By Francine Phillips
September 16, 2009 (San Diego)--The largest provider of water in Southern California, the Metropolitan Water District (MWD), based in Los Angeles, has completed its final round of labor negotiations of a five-year contract that includes a hike in retirement benefits that has stakeholders in San Diego crying “foul.” Last week pension particulars were spelled out in preparation for a Sept. 15 vote by the District Board, including four San Diego region delegates. But at yesterday's meeting, MWD issued a statement that the vote has been postponed "to make sure that all facts regarding this proposal are fully understood by the Board of Directors and the public prior to any vote." A public workshop is set for 10 a.m. on Tuesday, Sept. 29 at MWD's Board Room in Los Angeles.
On Friday, San Diego Mayor Jerry Sanders sent a letter protesting the 25 percent pension increase that will cost an estimated $70 million in future payouts.
“Any increase in costs at MWD translates into an increase in water rates for San Diegans,” wrote Sanders.
Along with Sander’s letter, the Internet was awash in editorial outrage as taxpayer associations, elected officials, online pundits and experienced journalists questioned the proposed pension increases.
Are they right? The San Diego County Water Authority, a collection of 24 local agencies which provides water to 3 million residents, approved a $1.65 billion two-year budget on June 25 that reflected the MWD’s approved 21 percent rate increase in treated water that went into effect Sept. 1. The correlation between the 21 percent rate increase for the District’s 19 million customers and the 25 percent pension hike for just under 2,000 employees has made the contract a bullseye target for criticism.
In addition, the MWD retirement investment fund has reported a $400 million loss, bringing into question the proposed increased benefits that will raise retirement rates for long term employees from 50 percent of their salaries to 62.5 percent.
Included among those speaking out against the proposed pension hikes are MWD delegate W.D. “Bud” Pocklington, president of the South Bay Irrigation District, who has been on the MWD board since 1997. Pocklington has gone on record that his is a “no” vote. Two other regional delegates, Jim Barrett, director of public utilities for the City of San Diego, and Fern Steiner, a City of San Diego appointee to the MWD board, have not gone public with their voting preference. The final delegate from our region, Keith Lewinger, general manager of the Fallbrook Public Utility District, has said that he has not made up his mind.
Employees of MWD do not contribute to Social Security for retirement benefits, but accrue benefits from contributions to the California Public Employees’ Retirement System (CALPERS) which are paid by MWD, and from a matching 401(k) plan that vests after six months of employment.
According to the MWD recruitment Web site, the following benefits are currently extended to employees
• A choice of medical coverage from two different HMO's and two PPO's. The district pays for medical insurance for the employee and family members, including domestic partners, in all plans except one of the PPO's.
• Dental insurance is provided at no cost to employees and family members, including domestic partners.
• Vision insurance is provided at no cost to the employee with an option to purchase family coverage.
• Life insurance is offered in varied competitive amounts based on bargaining unit.
• Deferred compensation in the form of a 401(k) plan and a 457 plan. Matching for the 401(k) plan begins upon enrollment, after six months of employment, with immediate vesting.

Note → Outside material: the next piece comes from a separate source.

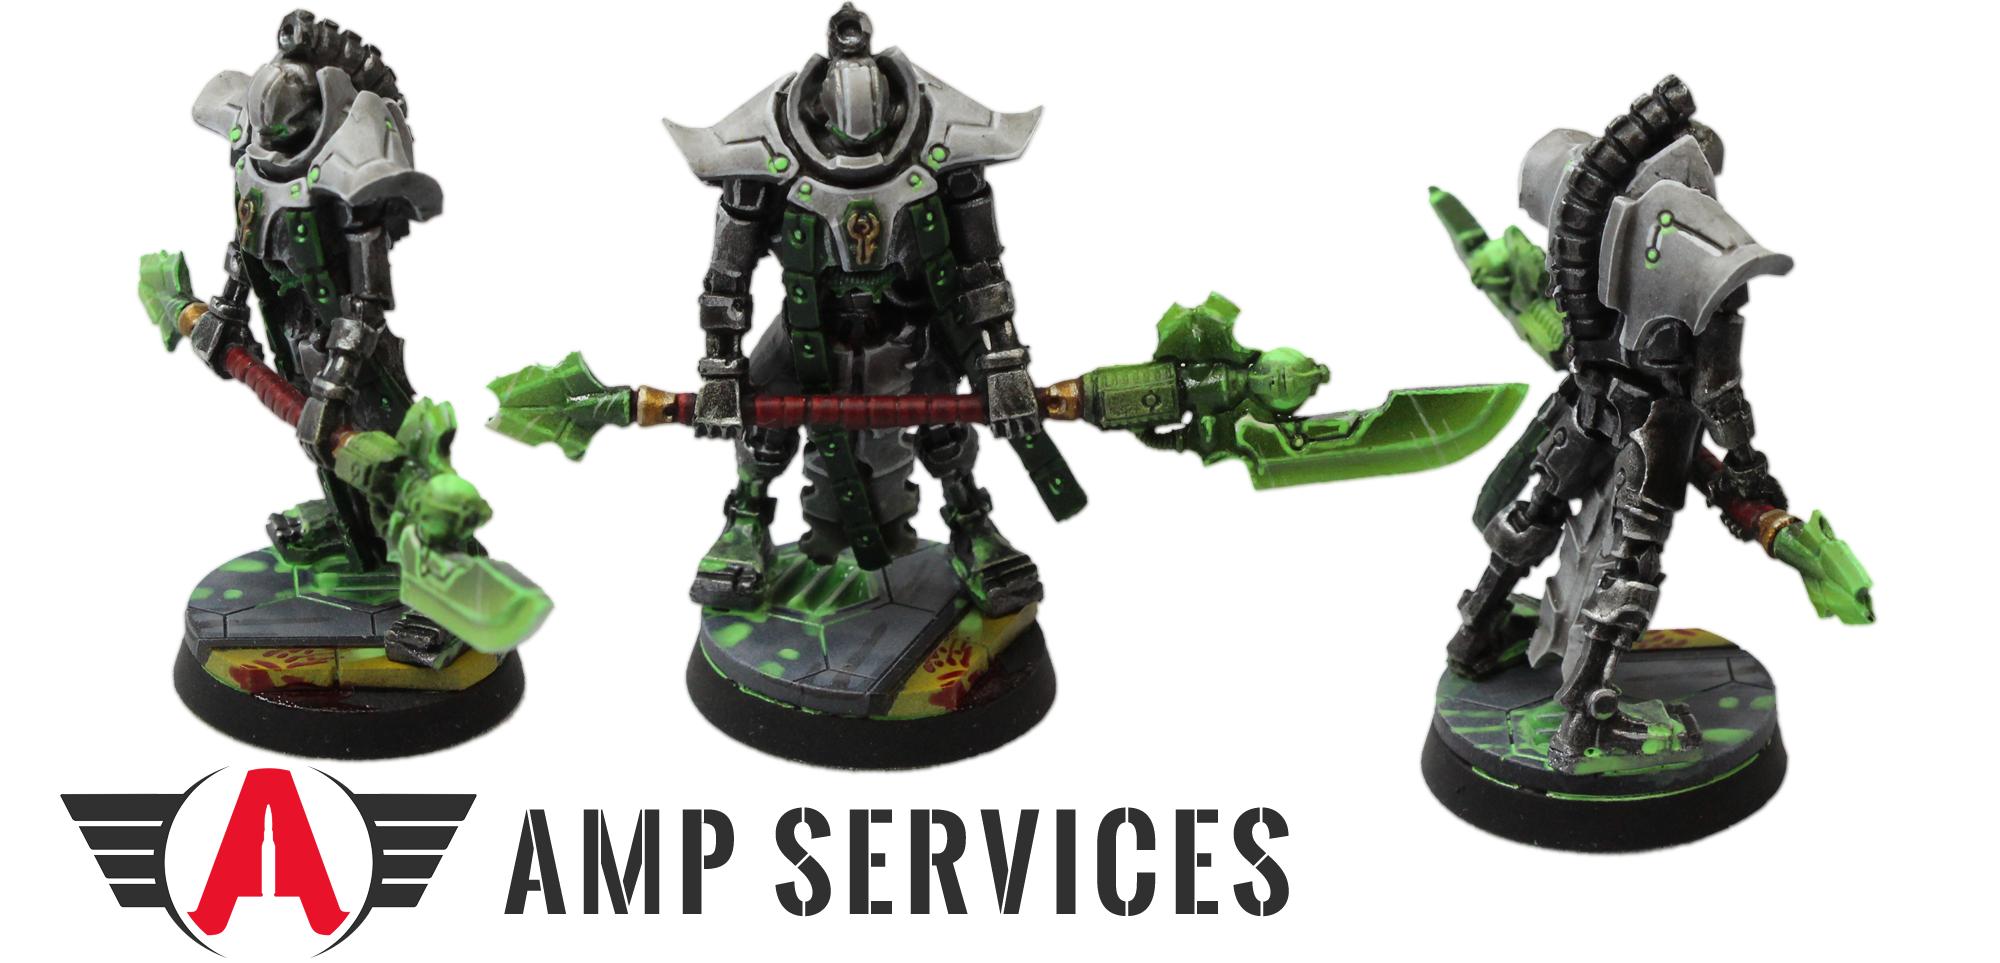 #thearmedpainter, Ampservices, Gamesworkshops, Miniatures, Necrons, Twitch, Warhammer 40,000

• Retirement benefits under the California Public Employees' Retirement System.
• Tuition reimbursement up to 85% of costs for classes and programs or job-related courses.
• Fourteen paid holidays and three paid personal days.
• Access to an employer provided credit union.
• Rideshare and vanpool options available.
• A variety of flexible work schedules.
Concessions reflected in the proposed contract include relinquishing one paid holiday and one personal day, no salary increases in 2009, a limit on accrued annual leave to 400 hours, a 2 percent contribution of current employees to a Retiree Medical Trust Fund, and an 8 percent contribution to said fund by employees hired after July 1, 2009.
Proponents of the contract, including MWD’s general manager, Jeff Kightlinger, say that the new contract will cost the agency less than maintaining the status quo, based on the stimulus for early retirement from long-time workers.
"I totally believe that we all have to pay for our water costs," Dexter Levy, a retired plumber and water activist, told East County Magazine. "But anything beyond the actual costs of obtaining water is inappropriate. I've been a friend of labor for many years and I believe that pensions are a part of the whole wage package, but we have to get pensions stable and that means that the Calpers pension package should extend to water districts so it is not on the negotiation table separately. The key to the whole thing is that as the public uses less water, the costs of sustaining the infrastructure is going to go up. The MWD needs to account for that, even if they have to go back to the drawing board and look at every expense again.."
Levy concluded, "All districts have a major challenge and that is to find new sources of water. The districts need to look at the MWD peripheral canal, drill more wells, and pursue reinjection of reclaimed water into the aquifer. That's the real challenge that water districts are going to have to be dragged forward to meet."